> [What needs to be done]: Below this line is the material. Write out only its lines from the one containing "Micro mini skirt" through the one containing "Green Plain Rooh", both kept, exactly.

> [Supplied entries]:
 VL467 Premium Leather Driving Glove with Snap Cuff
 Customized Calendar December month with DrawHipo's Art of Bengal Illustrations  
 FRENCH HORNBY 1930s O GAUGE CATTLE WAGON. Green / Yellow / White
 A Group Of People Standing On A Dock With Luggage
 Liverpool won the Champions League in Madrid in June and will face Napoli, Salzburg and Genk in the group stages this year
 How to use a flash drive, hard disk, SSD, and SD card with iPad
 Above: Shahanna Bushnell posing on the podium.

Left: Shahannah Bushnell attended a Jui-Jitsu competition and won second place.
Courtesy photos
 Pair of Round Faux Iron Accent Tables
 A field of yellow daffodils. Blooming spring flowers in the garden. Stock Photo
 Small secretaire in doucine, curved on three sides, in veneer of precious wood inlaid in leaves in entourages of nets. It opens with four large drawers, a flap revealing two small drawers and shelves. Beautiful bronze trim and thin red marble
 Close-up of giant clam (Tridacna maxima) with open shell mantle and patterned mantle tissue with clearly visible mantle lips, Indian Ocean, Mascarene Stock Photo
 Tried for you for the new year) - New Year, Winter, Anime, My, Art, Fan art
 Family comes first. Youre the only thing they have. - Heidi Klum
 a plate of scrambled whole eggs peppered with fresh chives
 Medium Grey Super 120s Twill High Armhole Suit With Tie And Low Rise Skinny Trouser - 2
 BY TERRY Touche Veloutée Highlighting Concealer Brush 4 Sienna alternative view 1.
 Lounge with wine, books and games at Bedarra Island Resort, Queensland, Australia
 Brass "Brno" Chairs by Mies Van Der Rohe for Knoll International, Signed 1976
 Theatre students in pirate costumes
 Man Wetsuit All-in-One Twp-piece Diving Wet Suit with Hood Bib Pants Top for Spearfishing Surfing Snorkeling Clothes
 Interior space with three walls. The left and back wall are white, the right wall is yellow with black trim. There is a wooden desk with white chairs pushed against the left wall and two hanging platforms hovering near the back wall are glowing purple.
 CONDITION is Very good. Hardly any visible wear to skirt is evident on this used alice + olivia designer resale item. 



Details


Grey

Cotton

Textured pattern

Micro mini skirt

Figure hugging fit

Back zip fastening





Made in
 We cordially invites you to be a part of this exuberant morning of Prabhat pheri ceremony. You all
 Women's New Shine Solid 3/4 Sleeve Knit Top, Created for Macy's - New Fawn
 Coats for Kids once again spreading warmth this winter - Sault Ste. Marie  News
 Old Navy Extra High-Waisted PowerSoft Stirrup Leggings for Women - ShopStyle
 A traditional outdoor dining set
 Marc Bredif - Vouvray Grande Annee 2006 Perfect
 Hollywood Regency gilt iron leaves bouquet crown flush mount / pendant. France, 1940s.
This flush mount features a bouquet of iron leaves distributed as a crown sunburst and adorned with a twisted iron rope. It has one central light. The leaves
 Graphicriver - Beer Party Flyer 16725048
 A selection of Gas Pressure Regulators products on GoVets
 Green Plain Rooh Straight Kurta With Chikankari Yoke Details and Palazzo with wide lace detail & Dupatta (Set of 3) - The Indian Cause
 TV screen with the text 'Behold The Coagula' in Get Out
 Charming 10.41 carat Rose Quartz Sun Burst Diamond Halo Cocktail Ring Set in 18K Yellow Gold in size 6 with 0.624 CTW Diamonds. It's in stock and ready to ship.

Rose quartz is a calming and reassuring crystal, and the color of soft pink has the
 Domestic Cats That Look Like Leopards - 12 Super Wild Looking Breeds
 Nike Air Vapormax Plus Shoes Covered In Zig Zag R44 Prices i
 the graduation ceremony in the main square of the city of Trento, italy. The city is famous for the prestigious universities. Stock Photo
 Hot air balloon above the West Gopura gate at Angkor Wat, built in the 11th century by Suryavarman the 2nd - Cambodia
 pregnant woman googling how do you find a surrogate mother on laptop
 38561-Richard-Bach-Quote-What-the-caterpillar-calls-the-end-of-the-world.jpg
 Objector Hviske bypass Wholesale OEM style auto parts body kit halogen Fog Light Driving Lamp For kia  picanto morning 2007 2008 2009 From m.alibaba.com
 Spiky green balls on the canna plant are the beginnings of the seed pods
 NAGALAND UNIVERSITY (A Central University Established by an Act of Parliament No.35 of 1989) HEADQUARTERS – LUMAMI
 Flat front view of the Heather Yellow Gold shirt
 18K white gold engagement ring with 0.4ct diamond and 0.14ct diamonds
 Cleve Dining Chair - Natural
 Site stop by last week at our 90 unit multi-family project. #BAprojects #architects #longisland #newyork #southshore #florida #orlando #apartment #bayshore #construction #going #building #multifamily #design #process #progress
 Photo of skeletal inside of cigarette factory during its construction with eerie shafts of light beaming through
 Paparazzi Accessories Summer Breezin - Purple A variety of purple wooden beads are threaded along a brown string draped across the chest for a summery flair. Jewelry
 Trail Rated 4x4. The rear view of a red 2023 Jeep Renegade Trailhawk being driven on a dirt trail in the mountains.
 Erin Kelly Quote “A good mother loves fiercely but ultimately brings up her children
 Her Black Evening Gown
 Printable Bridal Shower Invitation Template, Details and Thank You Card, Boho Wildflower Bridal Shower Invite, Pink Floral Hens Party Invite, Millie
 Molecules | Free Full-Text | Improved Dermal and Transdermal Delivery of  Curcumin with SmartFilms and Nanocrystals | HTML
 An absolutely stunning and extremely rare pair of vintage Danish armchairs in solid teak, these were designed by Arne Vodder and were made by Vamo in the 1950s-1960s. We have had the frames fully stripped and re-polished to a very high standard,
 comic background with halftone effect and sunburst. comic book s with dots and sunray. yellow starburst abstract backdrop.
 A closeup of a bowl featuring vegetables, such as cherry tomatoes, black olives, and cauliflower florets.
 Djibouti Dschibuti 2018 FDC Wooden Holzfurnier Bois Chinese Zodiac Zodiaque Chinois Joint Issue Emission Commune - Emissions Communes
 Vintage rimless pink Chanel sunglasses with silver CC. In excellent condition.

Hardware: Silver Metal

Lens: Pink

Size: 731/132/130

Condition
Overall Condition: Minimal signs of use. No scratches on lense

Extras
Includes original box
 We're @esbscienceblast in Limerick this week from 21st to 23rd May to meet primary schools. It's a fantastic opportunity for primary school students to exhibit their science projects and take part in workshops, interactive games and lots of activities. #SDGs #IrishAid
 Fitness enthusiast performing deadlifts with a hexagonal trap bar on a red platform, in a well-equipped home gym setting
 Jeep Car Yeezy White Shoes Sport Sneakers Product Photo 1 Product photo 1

> [Written answer]:
Micro mini skirt

Figure hugging fit

Back zip fastening





Made in
 We cordially invites you to be a part of this exuberant morning of Prabhat pheri ceremony. You all
 Women's New Shine Solid 3/4 Sleeve Knit Top, Created for Macy's - New Fawn
 Coats for Kids once again spreading warmth this winter - Sault Ste. Marie  News
 Old Navy Extra High-Waisted PowerSoft Stirrup Leggings for Women - ShopStyle
 A traditional outdoor dining set
 Marc Bredif - Vouvray Grande Annee 2006 Perfect
 Hollywood Regency gilt iron leaves bouquet crown flush mount / pendant. France, 1940s.
This flush mount features a bouquet of iron leaves distributed as a crown sunburst and adorned with a twisted iron rope. It has one central light. The leaves
 Graphicriver - Beer Party Flyer 16725048
 A selection of Gas Pressure Regulators products on GoVets
 Green Plain Rooh Straight Kurta With Chikankari Yoke Details and Palazzo with wide lace detail & Dupatta (Set of 3) - The Indian Cause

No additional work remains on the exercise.